A fourth occasion again involves a different method. In The Time Monster (1973), the Doctor confronts the Master whilst they are both travelling through the time vortex in their respective Tardises, and the Master uses his more advanced model of Tardis to cast the Doctor into the vortex to his doom. The Doctor exits his Tardis by dematerialisation, without using the doors. Later, he re-enters his Tardis using the same method, albeit with assistance from Jo manipulating some of the controls, but also without using the doors.

A fifth occasion, using an entirely different process, appears to occur twice: firstly in 1968, and subsequently in 1984. In 1968, during The Mind Robber, the Doctor exits the Tardis when it breaks up around him, and re-enters it in the final episode only when it re-forms round him. It is left ambiguous as to whether this serial was a dream.

However, in the 1984 serial Frontios very much the same thing happens, with the Tardis breaking up on arrival on the planet and reforming at the end of the final episode, in an echo of the events of 1968 - but without any of the original ambiguity.

A sixth occasion also twice recurs: in The Time Monster (1973) and in Logopolis (1981).

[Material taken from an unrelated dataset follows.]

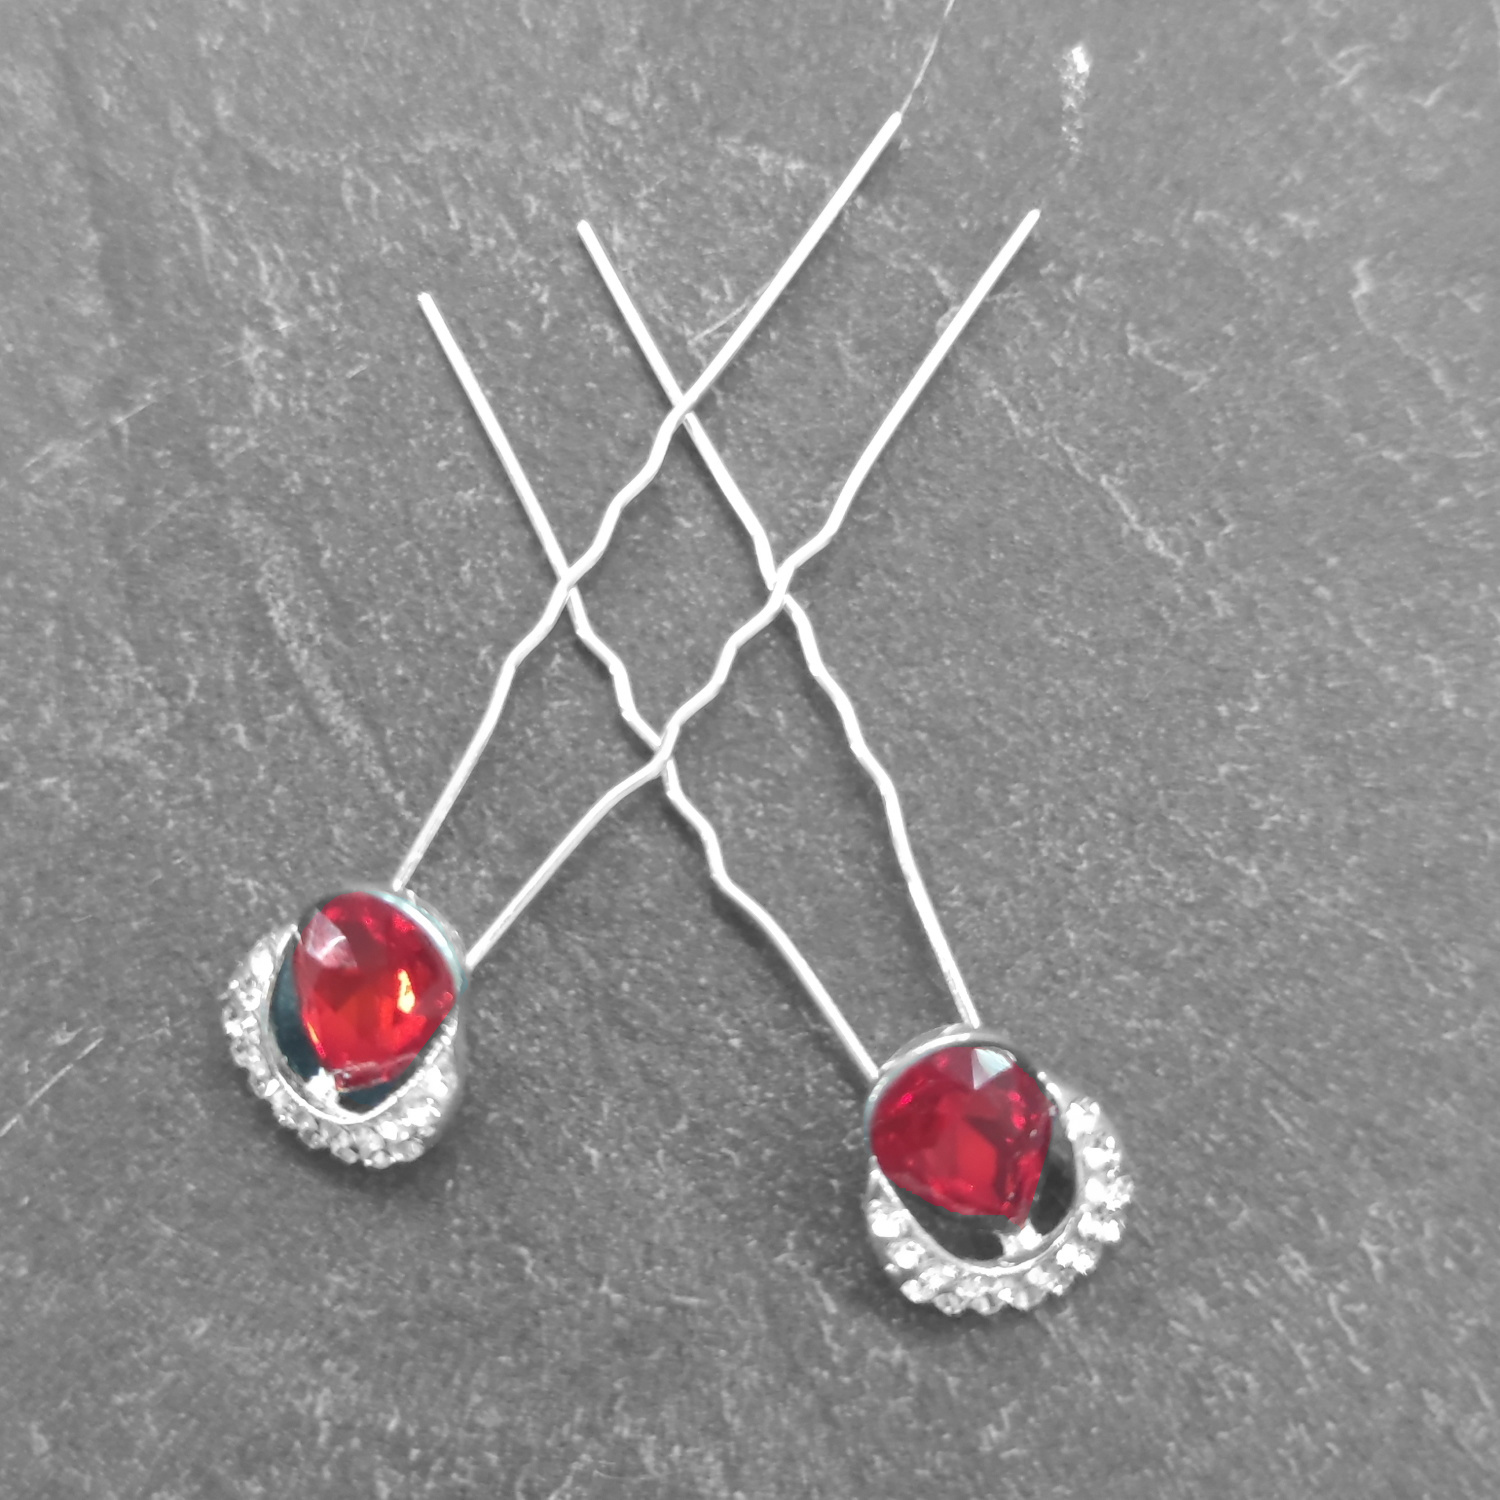 Mam Onhandig vermomming Zilverkleurige Hairpins – Rode Kristal - Diamantjes - 2 stuks - CJchoice.nl

In both serials the Master pilots his Tardis so that it arrives within the Doctor's Tardis -- or, pretty much the same thing, the Doctor makes a piloting error such that the Master's Tardis ends up inside the Doctor's (when the Doctor was hoping for the reverse to occur). And in Logopolis we additionally witness the Master's Tardis hopping about from one location to another inside the Doctor's, as the Master seeks to avoid being spotted.

All of these incidents illustrate one or other of the various methods (five in all) for entering or exiting the TARDIS without opening the main doors.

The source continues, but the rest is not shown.